B1: Business, politics and the business of politics
-- Mitch McConnell sees his mission as laying the groundwork for a Republican presidential candidate in 2016: "I don't want the American people to think that if they add a Republican president to a Republican Congress, that’s going to be a scary outcome. I want the American people to be comfortable with the fact that the Republican House and Senate is a responsible, right-of-center, governing majority," he said in an interview with The Post's Paul Kane.
-- McConnell's message to members leery of outside conservative groups: "Don’t try to reinvent yourself. Be yourself, number one. And don’t be afraid of a primary. We will win all the primaries. We did it in '14. We will do it in '16." McConnell and Obama sat down for a one-on-one meeting in the Oval Office just after Election Day, where they tried to find areas of bipartisan agreement. They discussed trade deals, a tax overhaul and infrastructure funding. (Washington Post)
-- The euro hit a nine-year low on Monday amid rising political uncertainty in Greece and the growing prospects of inflation. Investors were betting that the European Central Bank will create a bond-buying program like central banks in the U.S., U.K. and Japan, after positive comments from ECB president Mario Draghi. (Reuters)
-- Stock futures are off a tenth of a percent before the bell. World markets are trading lower today. (CNN)
C1: Take time to digest the long reads
-- Former Sen. Edward Brooke (R-Mass.), the first African American popularly elected to the Senate, died Jan. 3 in Coral Gables, Fla., at age 95. Brooke, a Washington native who served in World War II, served on the Appropriations and Banking Committees. He opposed two of Richard Nixon's Supreme Court nominees over civil rights concerns, and he and Walter Mondale spearheaded the Fair Housing Act of 1968. Obituaries from the Washington Post, New York Times and Boston Globe.
-- Since being convicted of public corruption four months ago, former Virginia Gov. Bob McDonnell (R) has divided his time between Richmond and Virginia Beach, where he's consulting for a local business. The relationship between Bob and Maureen McDonnell remains strained, but they did spend Thanksgiving and Christmas together. McDonnell will be sentenced Tuesday. Jonnie Williams, the businessman whose gifts led to the conviction, is exploring a new business venture involving e-cigarettes filled with the chemical he initially wanted Virginia universities to study. (Washington Post)
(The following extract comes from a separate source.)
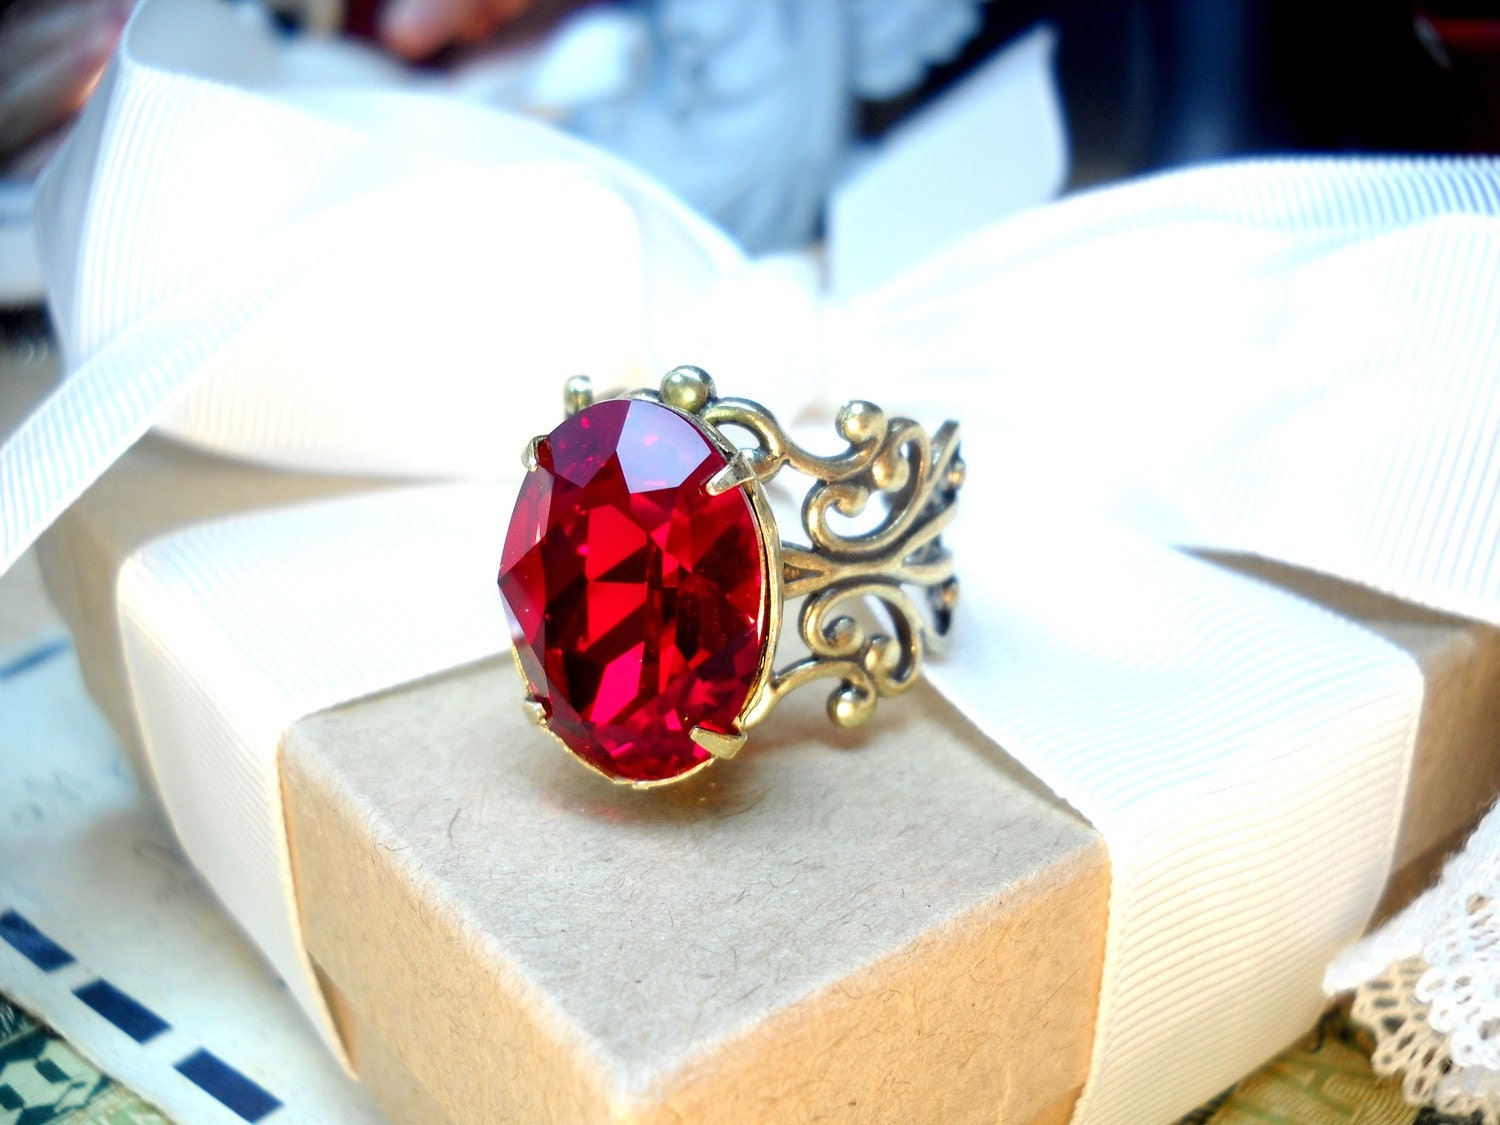 Royal Rose - Queen of Hearts - Swarovski Crystal - Vintage Estate Rhinestone Cocktail Ring. Alice in Wonderland Adjustable
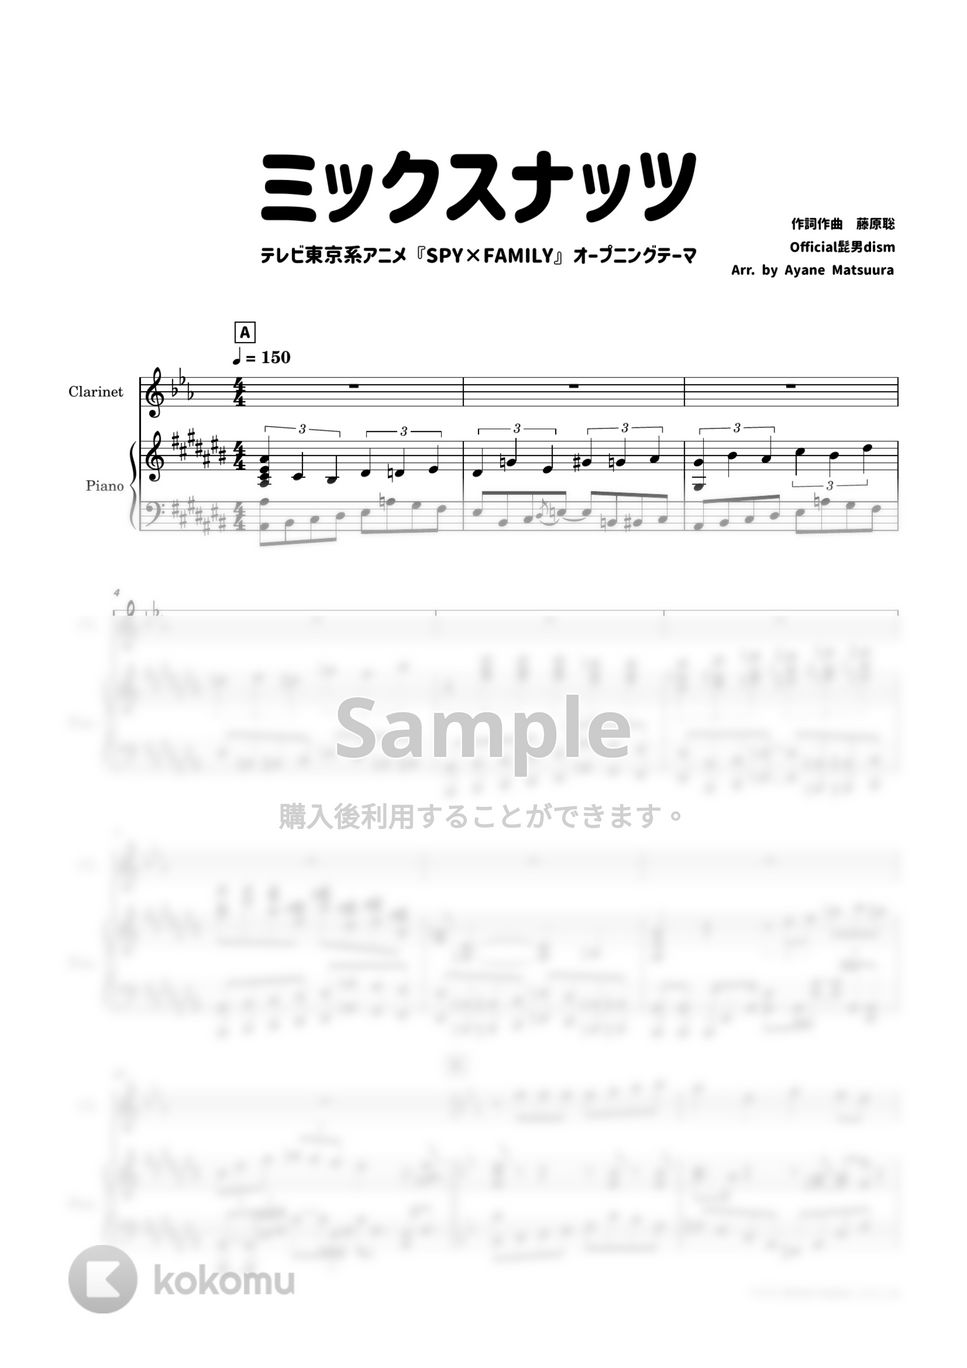 Official髭男dism - 【クラリネット＆ピアノ】なし＆♭3ミックスナッツ（Official髭男dism） by 管楽器の楽譜★ふるすこあ

C4: Fun things to read when you're bored at work
-- Former Virginia Attorney General Ken Cuccinelli (R) has a new obsession: Oysters. Cuccinelli helped found a new oyster farm on Tangier Island, in the Chesapeake Bay (where, by the way, he took 90 percent of the vote in 2013); he painted the boathouse, installed anchor posts in the bay and dove to set up ropes for pontoons himself. (Washington Post)
-- Football returning to Los Angeles? St. Louis Rams owner Stan Kroenke and Stockbridge Capital Group plan to build an 80,000-seat NFL stadium to a development site in Inglewood. The Rams can choose later this month to convert their use of the Edward Jones Dome in St. Louis to a year-to-year lease. NFL commissioner Roger Goodell has said the league won't accept relocation applications for the 2015 season, meaning the earliest the Rams could move would be 2016. Two other development firms are working on proposed NFL stadiums elsewhere in the L.A. area. (Los Angeles Times)
Attn Matt Drudge: What outrages conservatives today
-- The number of Caribbean islanders attempting to reach the United States has soared in the last fiscal year -- and it's not just Cubans. The Coast Guard apprehended at least 5,500 Haitians, 3,900 Cubans and hundreds of Dominicans in the fiscal year ending Sept. 30, and they've caught 1,900 so far this year. (Associated Press)
Attn HuffPo: What outrages liberals today
-- Oklahoma lawmakers are planning to introduce legislation in February that would make hooded sweatshirts worn to intentionally conceal one's identity a crime. State Sen. Don Barrington (R) said offenders under his bill would be subject to a fine of $50 to $500, and up to one year in jail. (ThinkProgress)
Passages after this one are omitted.